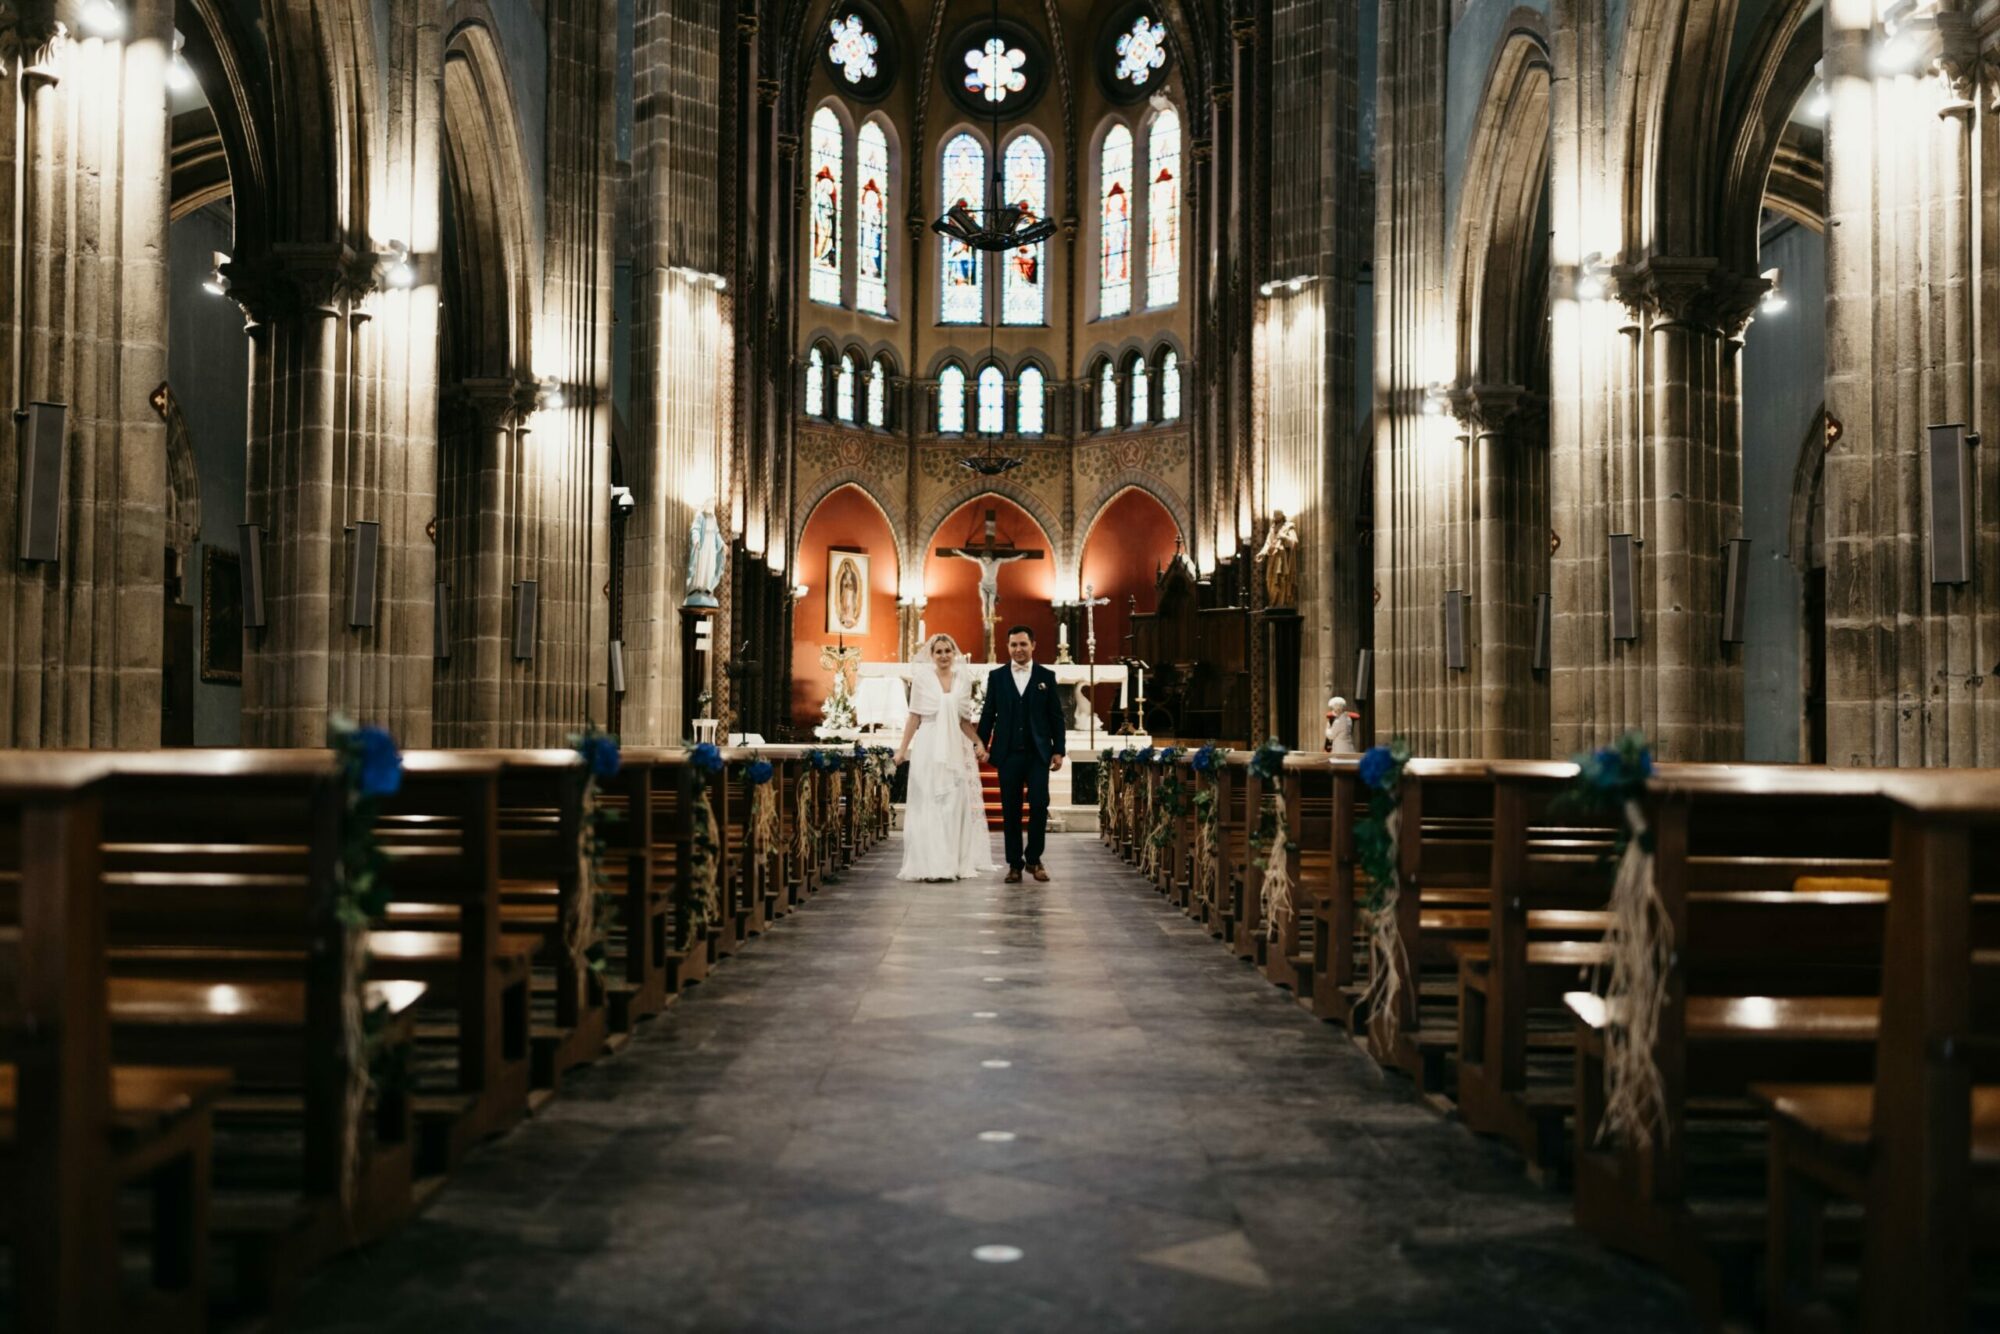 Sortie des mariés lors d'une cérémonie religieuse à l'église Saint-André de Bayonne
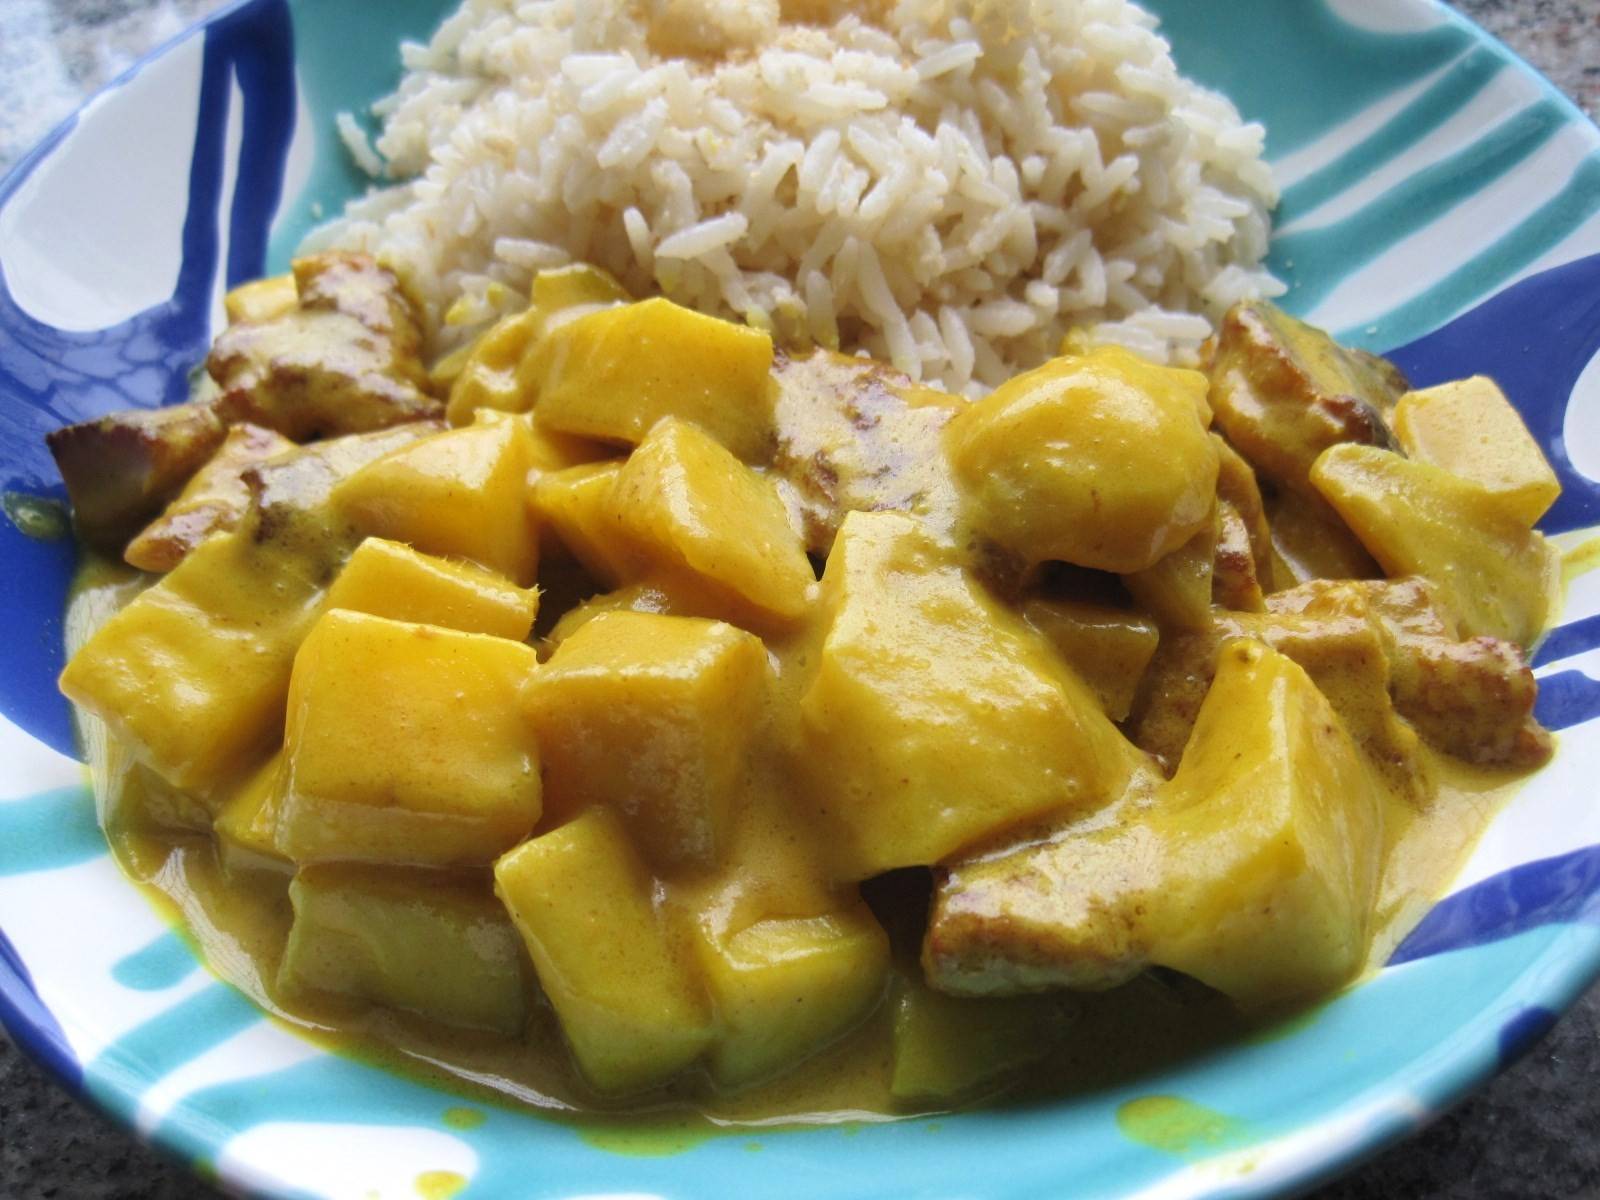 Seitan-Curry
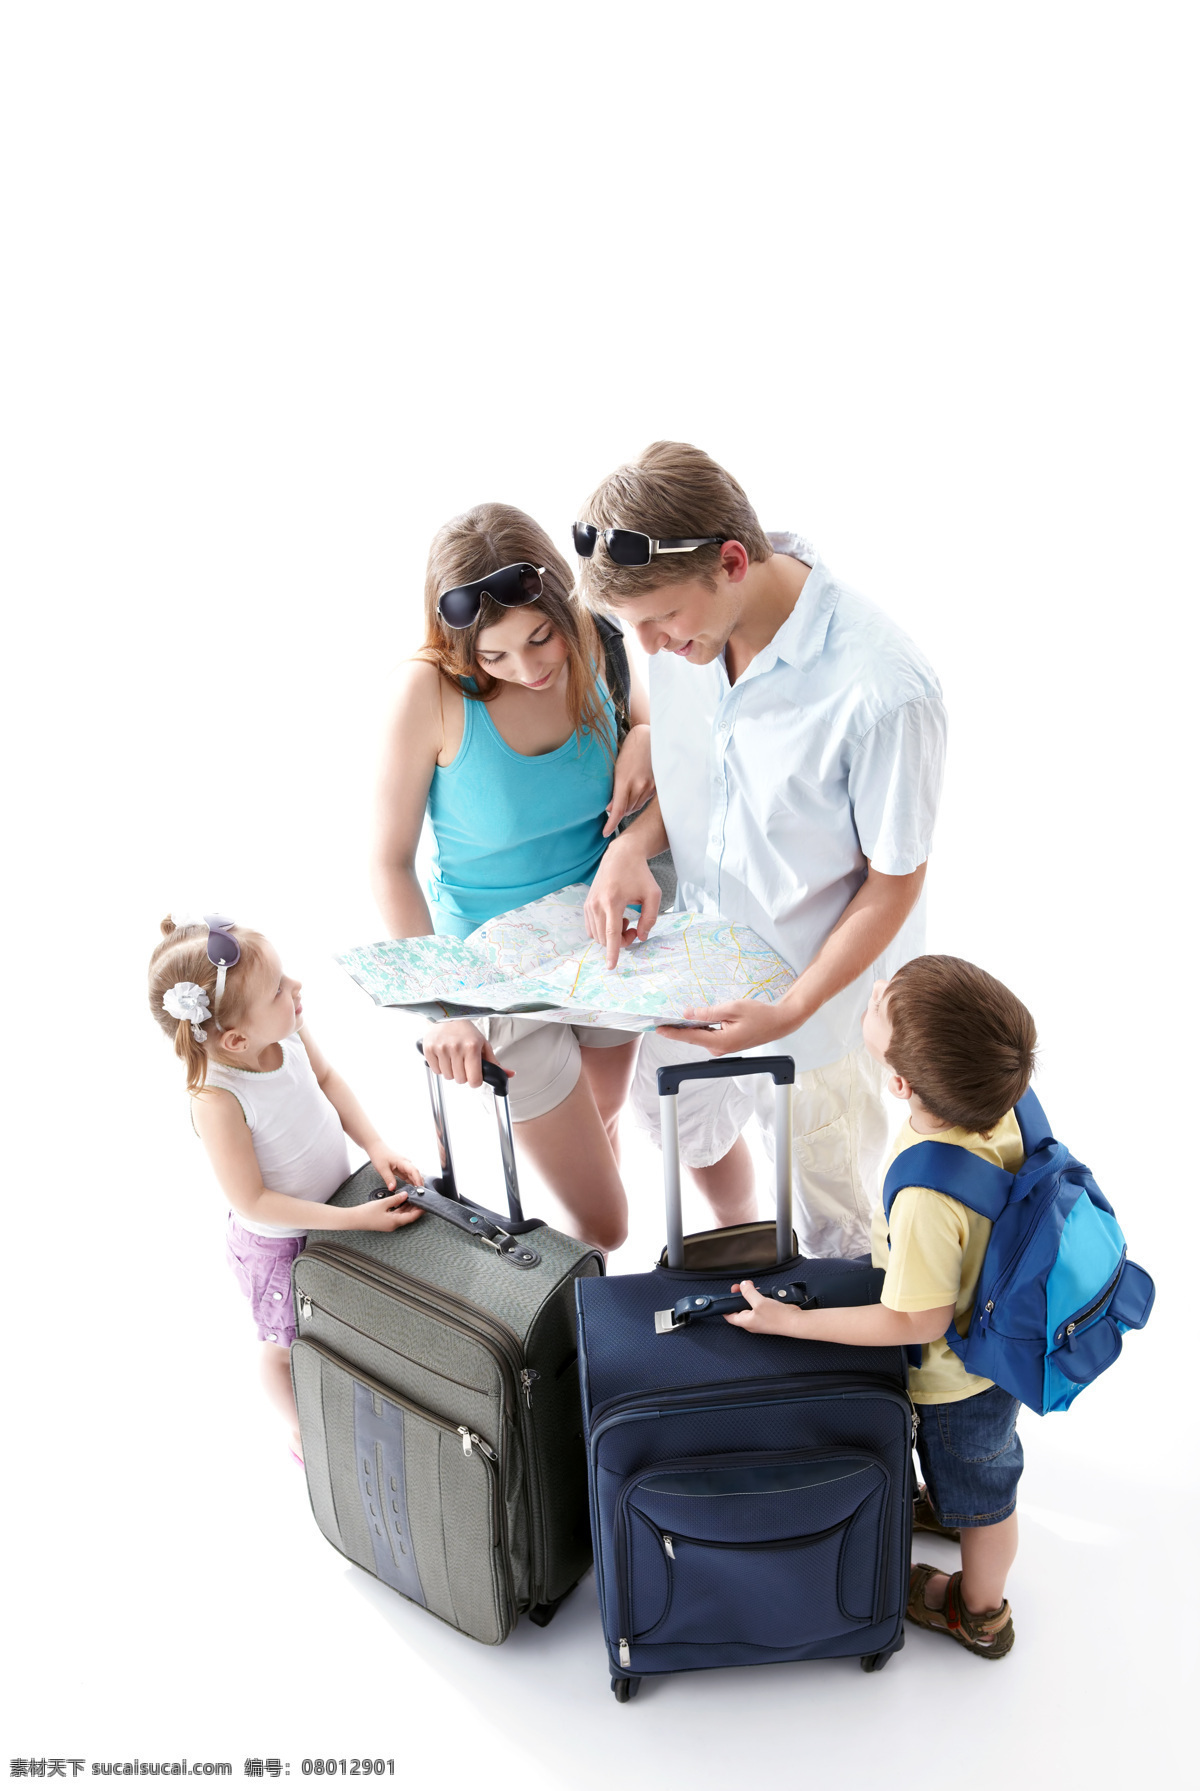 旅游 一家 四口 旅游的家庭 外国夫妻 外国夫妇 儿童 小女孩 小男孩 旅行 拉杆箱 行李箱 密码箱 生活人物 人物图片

******************************

### Work instruction
Leaving images out, please output every line of the data exactly.

### Problem solution
 Sortie des mariés lors d'une cérémonie religieuse à l'église Saint-André de Bayonne
 Seitan-Curry
 旅游 一家 四口 旅游的家庭 外国夫妻 外国夫妇 儿童 小女孩 小男孩 旅行 拉杆箱 行李箱 密码箱 生活人物 人物图片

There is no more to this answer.